# Petrushka vs Rite of Spring



## SacredBolero

Two great Stravinsky works from his early Russian period. Which is the greater work in your opinion? Feel free to comment on either, or both, the music or/and the ballet dance itself.
On my part, I’ve only seen the (reconstructed) choreographies of both by Vaslav Nijinsky. I’m not a particularly avid follower of ballets (indeed I know very little of its theory), but I do notice that Petrushka is much easier to follow. The Rite brilliantly depicts tension, but at times I’m just left beleaguered about what’s actually going on.
In terms of music though, I incline more to the Rite. It took longer for it to grow on me, but when it eventually did, it cemented itself quickly as a favourite. The rhythms, tonalities, effects all go together wonderfully to create a sensational masterpiece.
Petrushka, on the other hand, and just like the ballet, struck me easily from the first listening. In a sense, the Shrovetide Fair tableaus could be interpreted as glorified light music (a description in no way meant to degrade or insult their ingenuity). The middle two tableaus provided great contrast, although I found the second slightly difficult to follow in its purely musical form (it became much more digestible after I watched the ballet).
Those are my thoughts. In no way am I a seasoned musician or listener, and my comments are definitely not to be considered of much critical value. But I’m certainly interested to know the thoughts of other people regarding these two sparkling gems.


----------



## Larkenfield

Petrushka has a Russian charm that the Rite of Spring doesn’t have; but the Rite of Spring has a primordial energy that Petrushka doesn’t have and it rearranged the musical molecules of the 20th century.


----------



## arpeggio

In a best of seven game series I think Rite would win over Petruska and vice versa


----------



## david johnson

I enjoy both, of course. When I listen to Rite, I say 'wow'. As I listen to Petrushka, I say 'cool'.


----------



## flamencosketches

Le sacre wins for me. They're both good of course. But Le sacre features more of the color and "fire" that Stravinsky would become known for.


----------



## philoctetes

For me the Rite is about the only place I hear "fire" in Stravinsky. The rest, like someone said about Petrushka, is quite cool, even the Firebird. Bartok impresses me as the hotter composer of the two, avoiding Igor's neo-classicism.
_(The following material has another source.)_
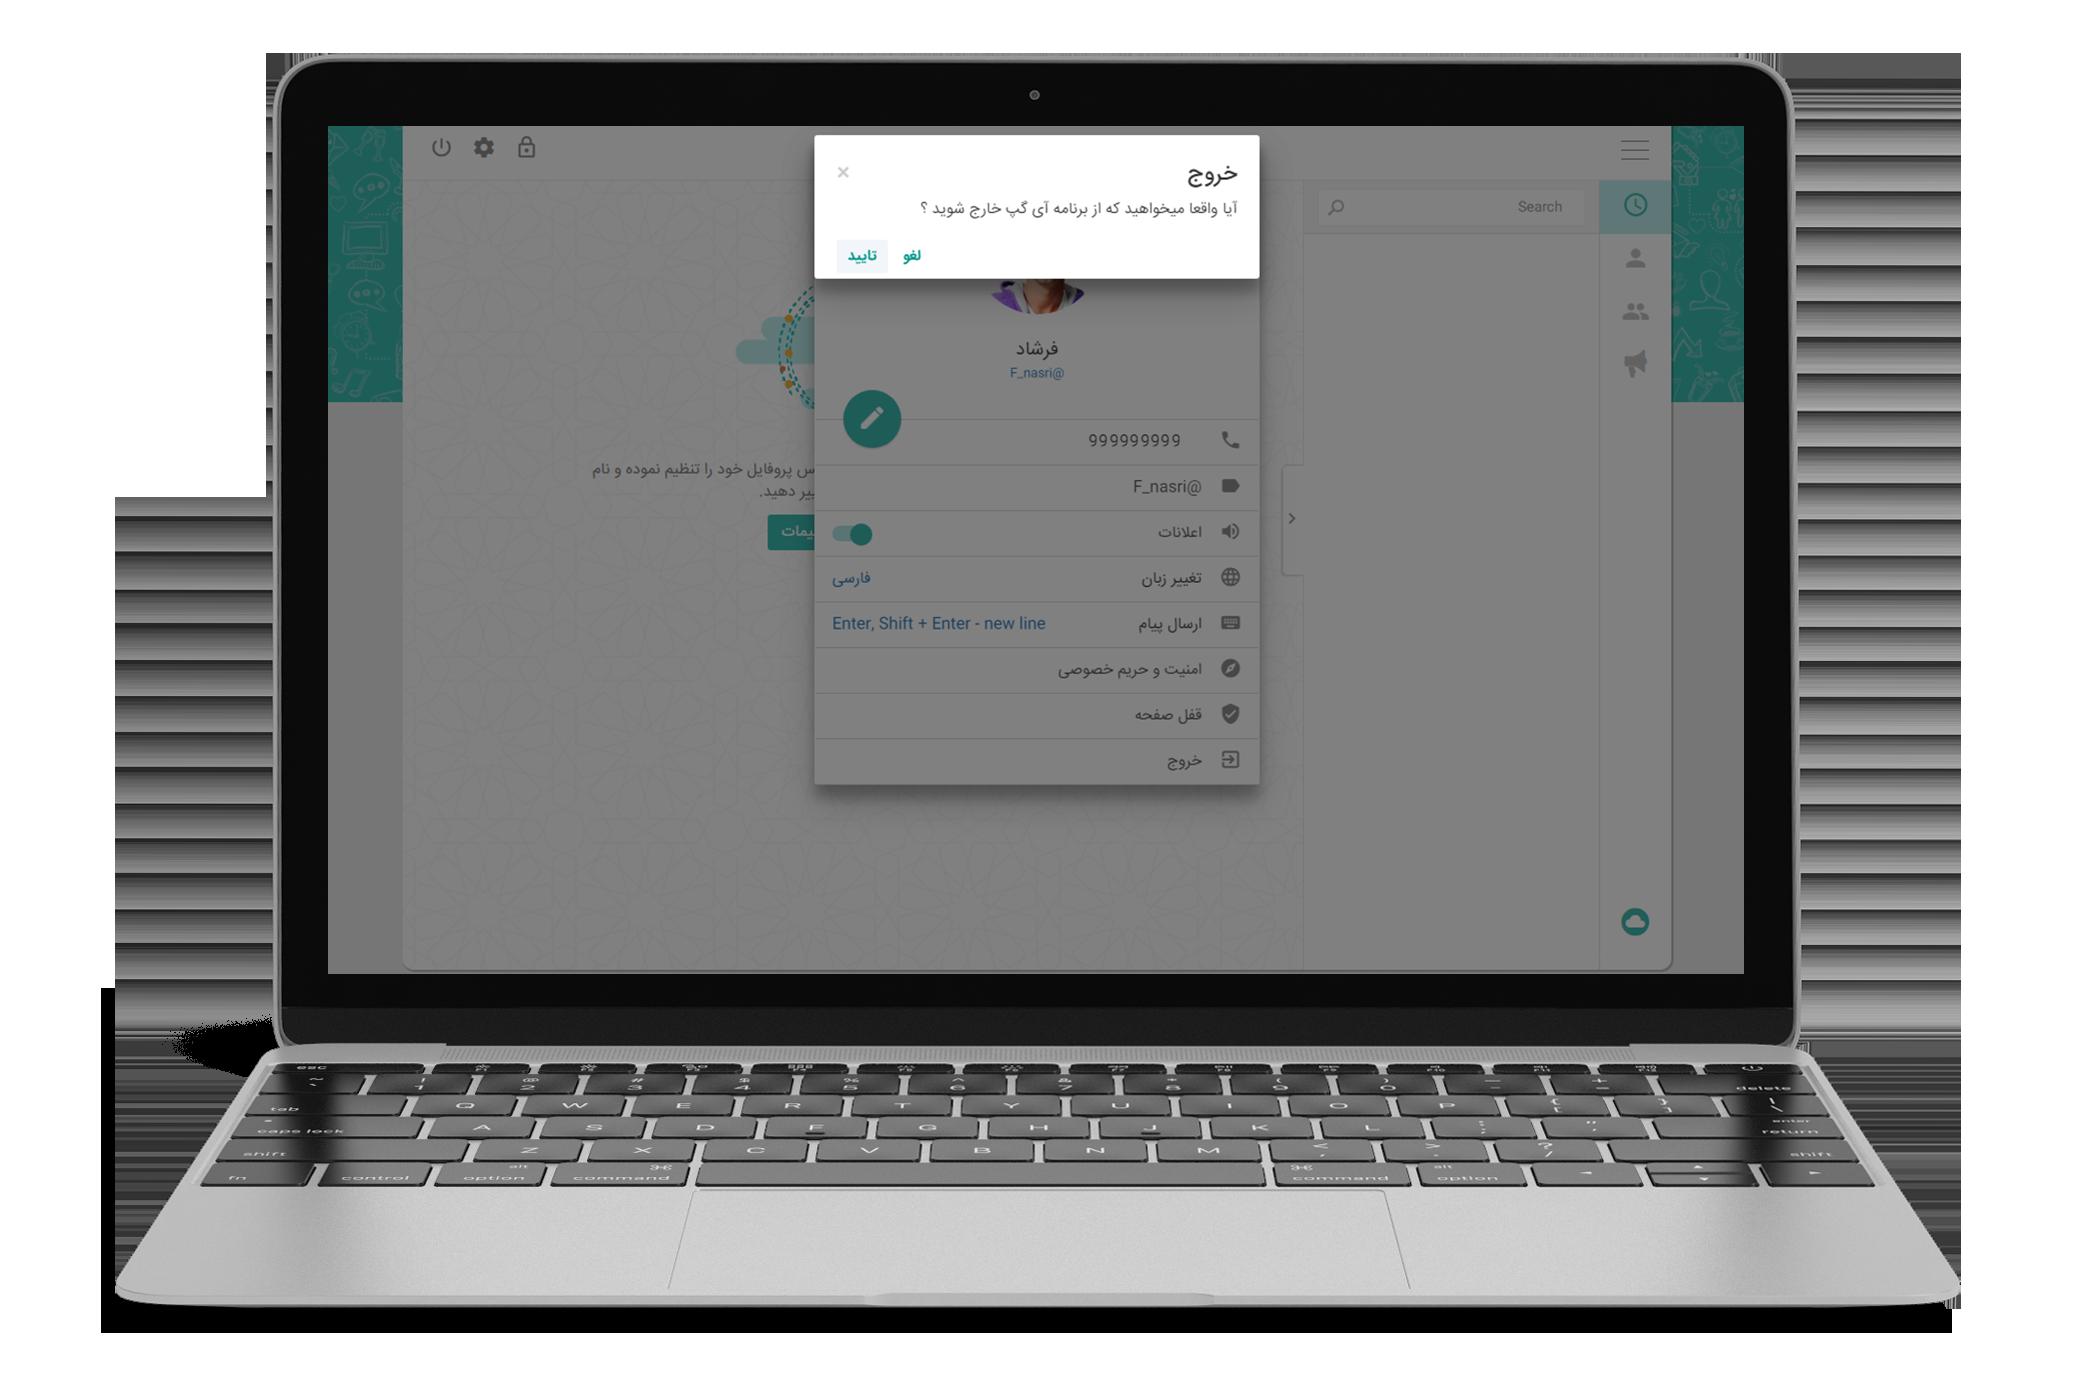 تنظیمات حساب کاربری در نسخه وب آیگپ

That quote by Igor about Vivaldi makes me laugh because they were so much alike, very recognizable by their habits.


----------



## Zhdanov

david johnson said:


> When I listen to Rite, I say 'wow'. As I listen to Petrushka, I say 'cool'.





flamencosketches said:


> Le sacre features more of the color and "fire" that Stravinsky would become known for.





philoctetes said:


> the Rite is about the only place I hear "fire" in Stravinsky. The rest, like someone said about Petrushka, is quite cool


sure no, you people seem not getting the stuff at all, because of course it is Petrushka that is a lot more lively & full of passion. Le Sacre is in fact a very morose & gloomy piece that deals with a human sacrifice in the most cold way; and they dance like robots for a reason.


----------



## chill782002

The Rite for me although it's very close. Petrushka is great but the Rite is a landmark work that came out of nowhere. Literally nothing like it had been heard before. The Firebird is probably the most conventionally beautiful work that Stravinsky ever wrote although it's not even remotely close to the Rite in terms of its originality. The fact that he wrote all three in as many years while still in his late twenties is enduring testament to his greatness, even if I find some of the works he produced in the last twenty years of his life somewhat difficult.


----------



## Zhdanov

chill782002 said:


> the Rite is a landmark work


it was made to be such by the media & scholarship.



chill782002 said:


> that came out of nowhere.


nowhere? Rimsky-Korsakov & Debussy is where it comes from.


----------



## flamencosketches

Zhdanov said:


> sure no, you people seem not getting the stuff at all, because of course it is Petrushka that is a lot more lively & full of passion. Le Sacre is in fact a very morose & gloomy piece that deals with a human sacrifice in the most cold way; and they dance like robots for a reason.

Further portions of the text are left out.